In this longitudinal study, we assessed the utility of assays with E-C3d and E-C4d, as compared with the serum C3 and C4 assays in routine clinical use, as measures of lupus disease activity.
PATIENTS AND METHODS
Study participants
All study participants were 18 years of age or older, and all provided written informed consent. No one was excluded based on sex or ethnicity. The University of Pittsburgh Institutional Review Board approved this study.
SLE patients
Consecutive patients with SLE were recruited and followed up during routine visits to the University of Pittsburgh Lupus Patient Care and Translational Research Center, from August 2000 to January 2005. Only patients who met the 1982 (23) or 1997 (24) American College of Rheumatology revised criteria for the classification of definite SLE and who had attended at least 3 office visits were included in this study. As part of their routine care, all patients underwent a history-taking and physical examination by physicians (SM, AK, and KM) who were blinded to the results of the E-C3d and E-C4d assays. The majority of the patients were evaluated by a single physician (SM). SLE disease activity was measured at the time of each clinic visit, using the SLAM (3) and SELENA–SLEDAI (4). All physicians were trained in completion of these disease activity indices. All records were reviewed and verified by a single reviewer (AK).
Patients with other diseases
Two hundred ninety randomly selected patients with 1 of 16 other rheumatologic, inflammatory, or hematologic diseases were recruited from subspecialty clinics affiliated with the University of Pittsburgh.

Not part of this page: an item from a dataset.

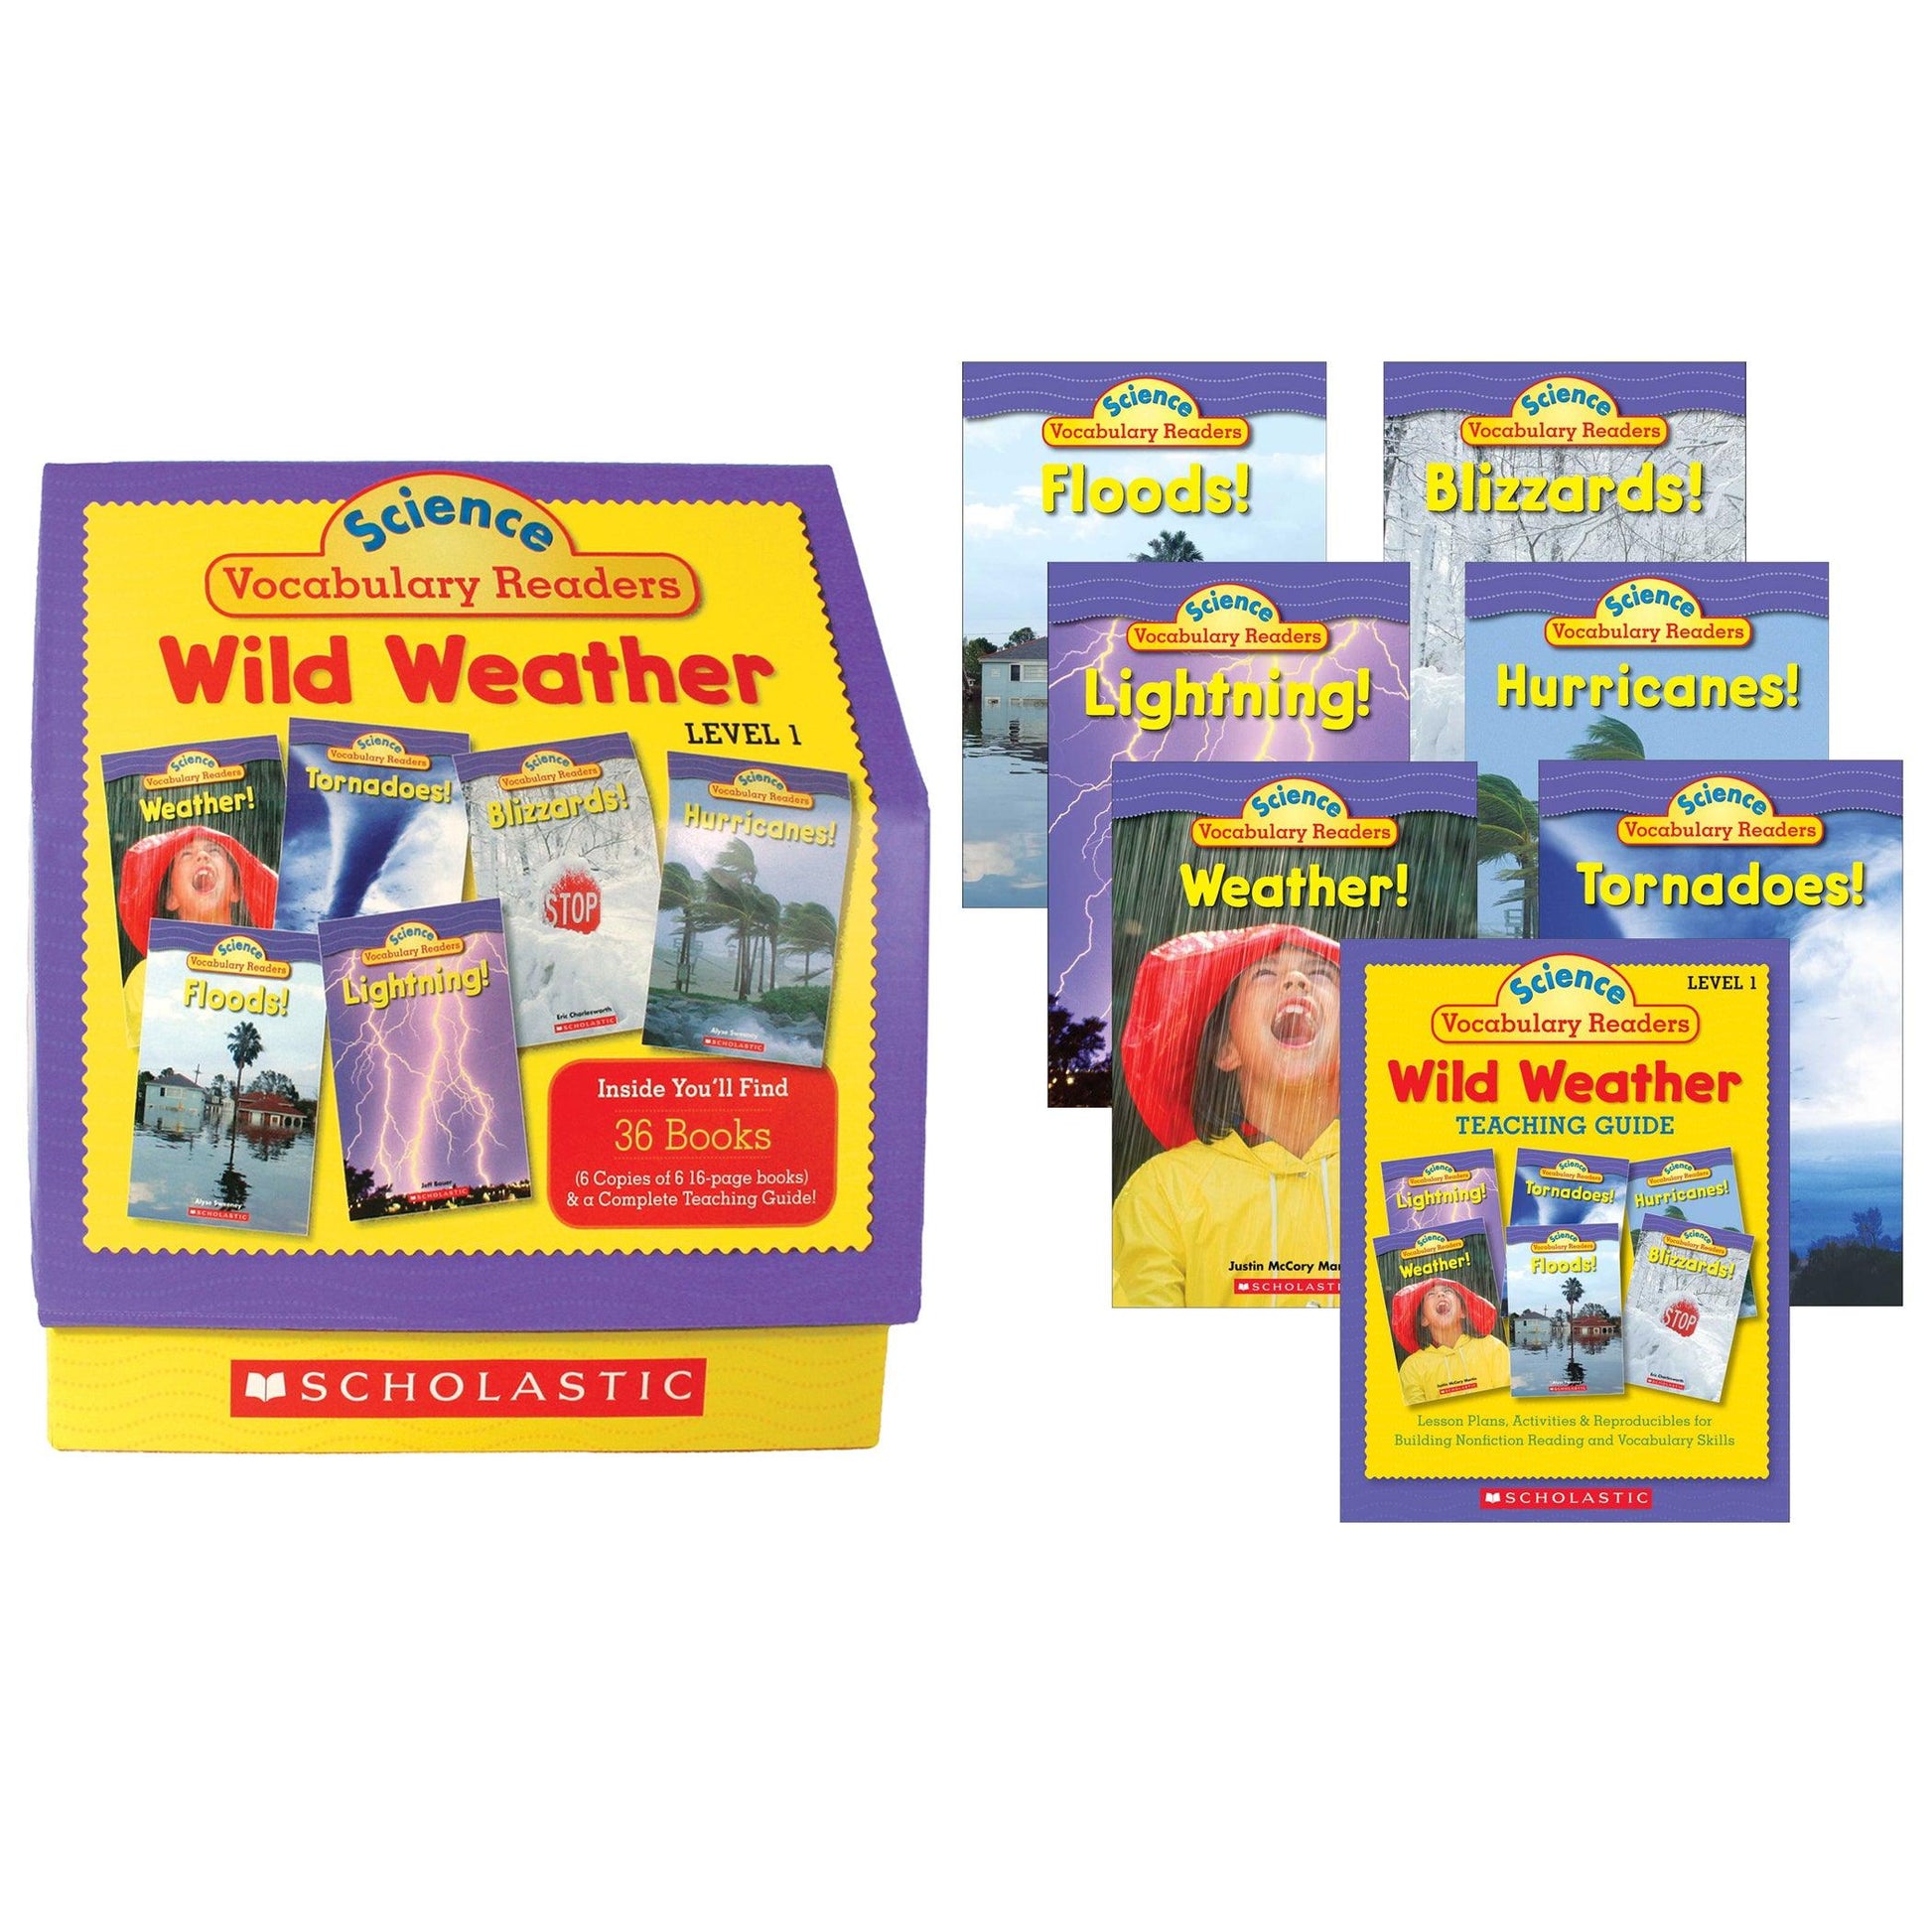 Science Vocabulary Readers Wild Weather - Loomini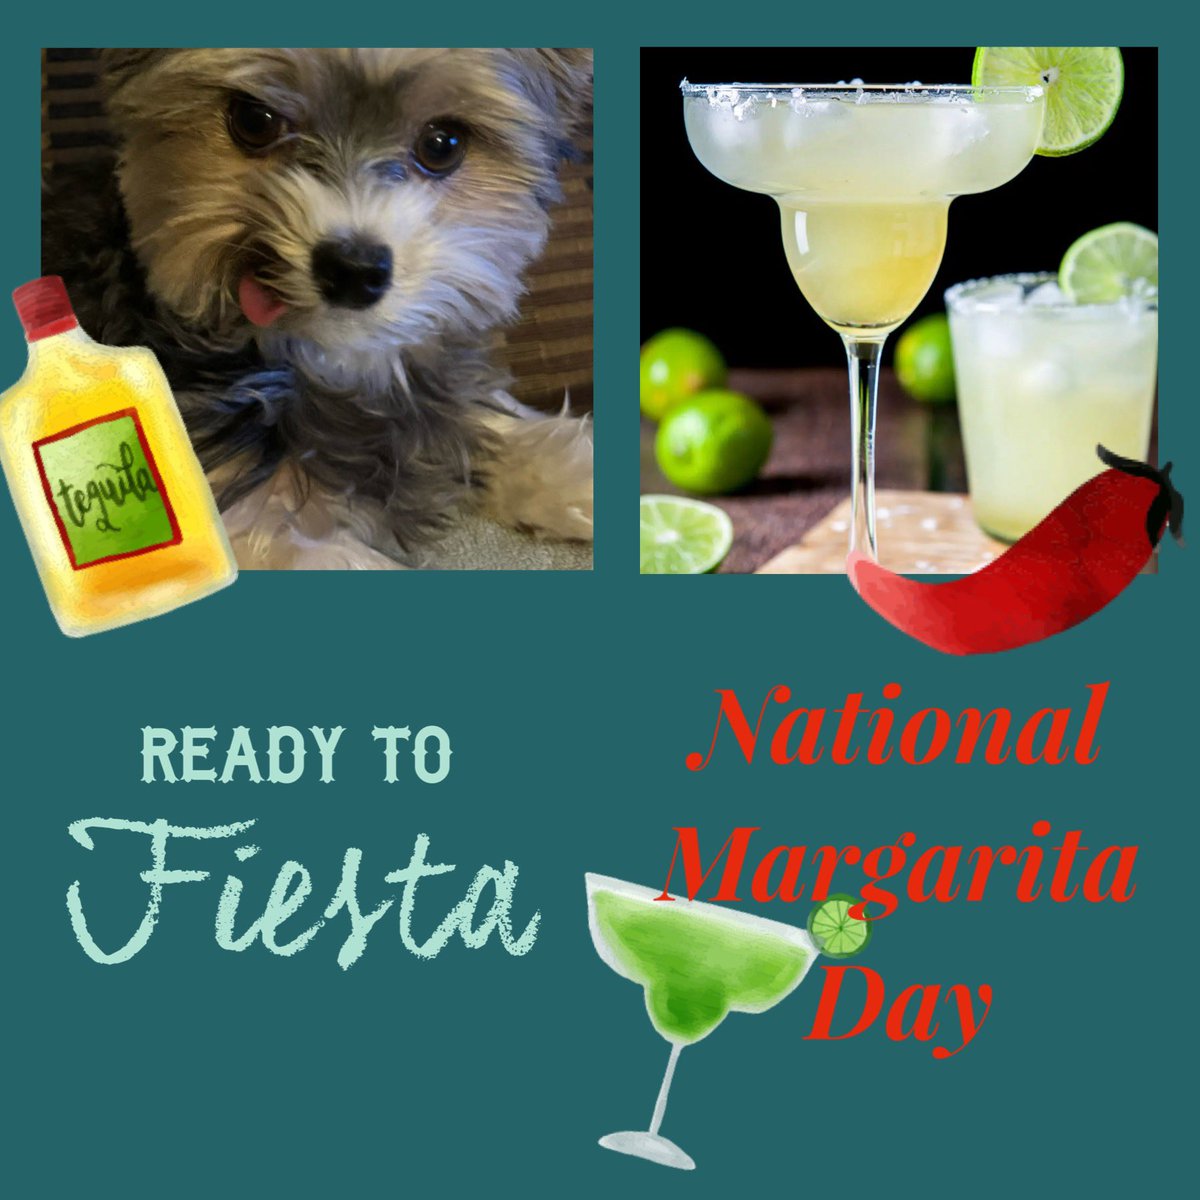 Gio. And we can’t forget National Margarita Day! 🥴Mom celebrated this one a few weeks ago in Cabo lol 😂 #MargaritaDay 🐾🫶🏼😵‍💫

These diseases included systemic sclerosis (n = 69), inflammatory myopathy (n = 52), rheumatoid arthritis (n = 44), chronic hepatitis C virus infection (n = 45), primary Sjögren’s syndrome (n = 24), primary antiphospholipid syndrome (n = 9), urticarial vasculitis (n = 8), sickle cell disease (n = 8), primary Raynaud’s phenomenon (n = 6), systemic vasculitis (n = 5), stem cell transplant (n = 8), cutaneous lupus (n = 3), coagulopathy (n = 4), psoriatic arthritis (n = 2), sarcoidosis (n = 1), and osteoarthritis (n = 2).
Healthy control subjects
Healthy control subjects were recruited through advertisements posted on the University of Pittsburgh campus. To confirm their healthy status, these participants completed a brief questionnaire regarding obvious medical conditions.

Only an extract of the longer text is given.